Um sistema interessante que você pode ter ouvido recentemente é  TRAPPIST-1 . A apenas 40 anos-luz da Terra, esta estrela anã ultra-legal não tem um, mas sete mundos rochosos relativamente dimensionados na Terra, três dos quais podem estar na zona habitável da estrela. Estudos estão começando a sério para descobrir se as atmosferas desses mundos poderiam apoiar a vida.
Uma impressão de artista de TRAPPIST-1f, que pode ter água líquida em sua superfície. NASA / JPL-Caltech
Não são apenas exoplanetas que podem ser interessantes, mas exóons também. Muitas vezes, esses planetas em órbitas curtas são fechados de forma tidada às suas estrelas, significando que uma face sempre aponta para a estrela e, portanto, está constantemente à luz do dia, enquanto a outra está em constante escuridão.
Mas se esses planetas têm luas em órbita, então estes poderiam ser lugares muito bons para procurar vida. As luas provavelmente iriam girar na luz da estrela, e estando na zona habitável, é possível que elas pudessem ser ainda mais atraentes do que os próprios planetas.
Muitos pensam que a descoberta da vida está no horizonte. Ellen Stofan, ex-cientista-chefe da NASA, disse  em 2015  que poderíamos encontrar “provas definitivas nos próximos 10 a 20 anos”. E com mundos como Marte, Europa, Enceladus e uma série de exoplanetas parecendo promissores, essa detecção poderia vir de qualquer lugar.
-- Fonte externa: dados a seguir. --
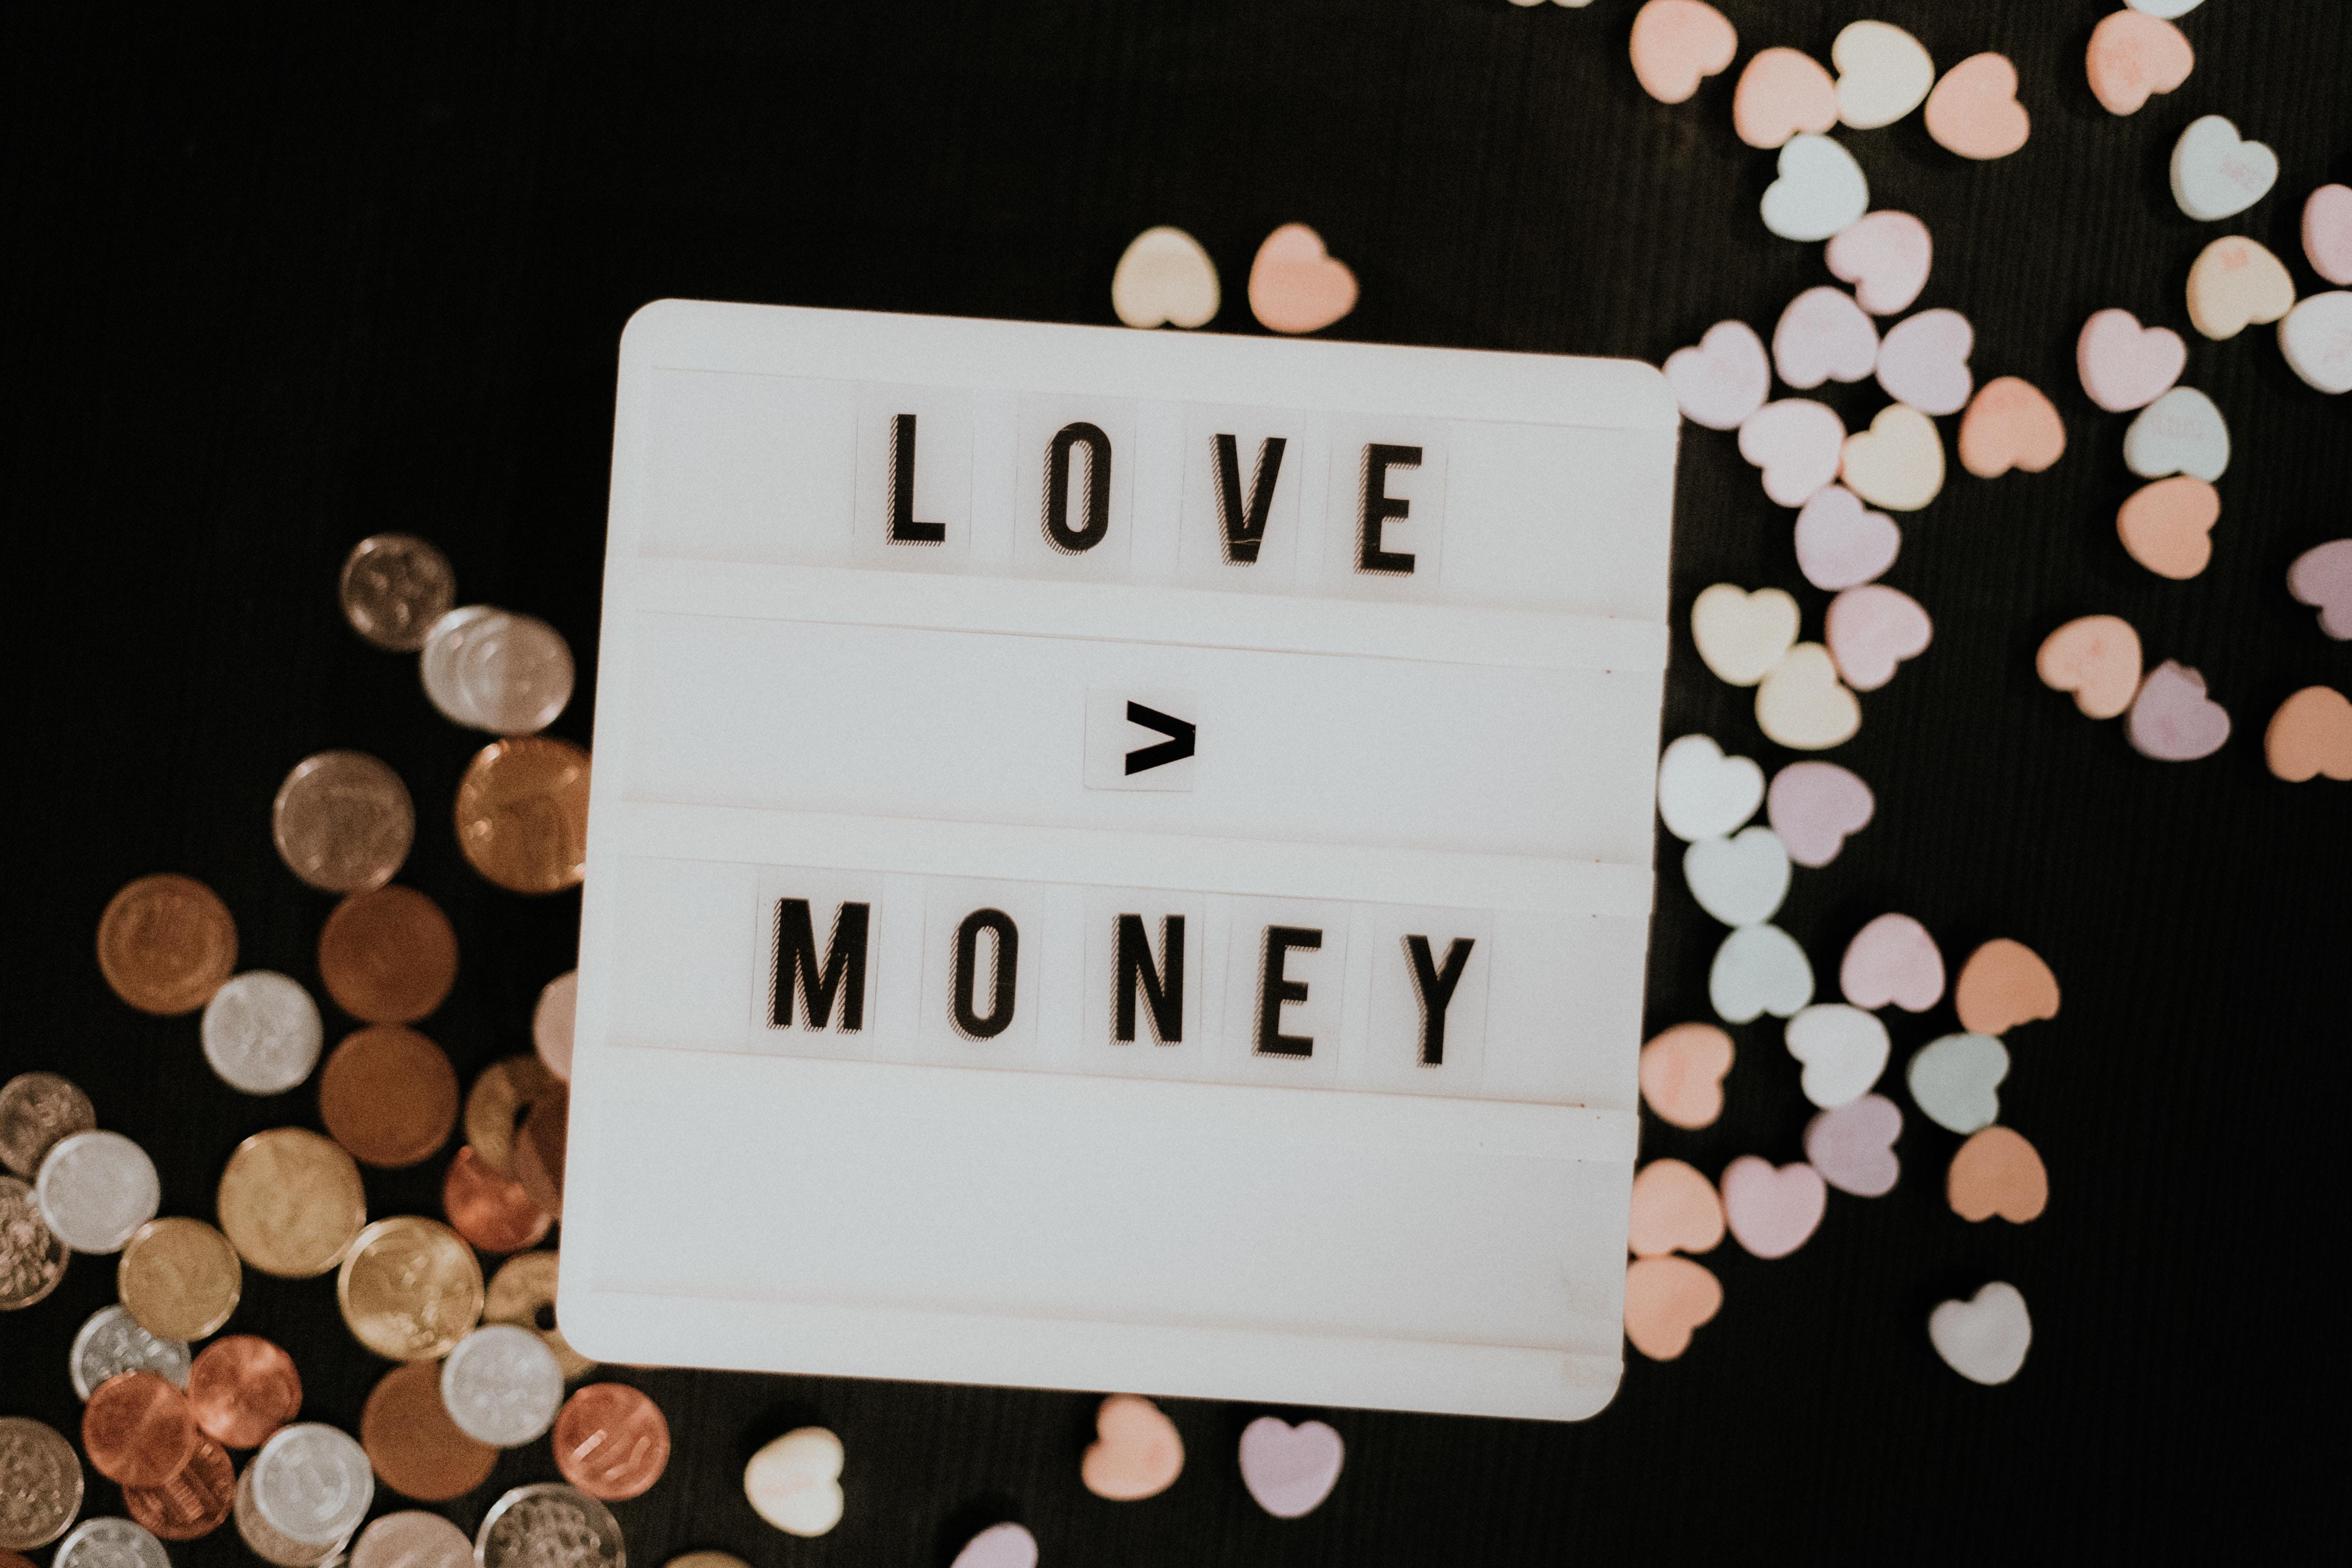 151160 Заставки и Обои Деньги на телефон. Скачать Деньги, Любовь, Слова, Фраза картинки бесплатно

As chances de encontrar um organismo multicelular vivo, respirando são um pouco magros. Mas as chances são cada vez maiores de que podemos encontrar dicas de biologia passada ou presente em nosso Sistema Solar ou além.
Marte, é claro, é um dos mundos mais sedutores de todos. Com ele uma vez ter um ambiente mais Parecido com a terra, nós estamos começando cada vez mais perto de descobrir se poderia ter sido hábitavel. Talvez seja uma amostra carregada de biologia, como aquela no filme Vida , que realmente nos dá a resposta um dia.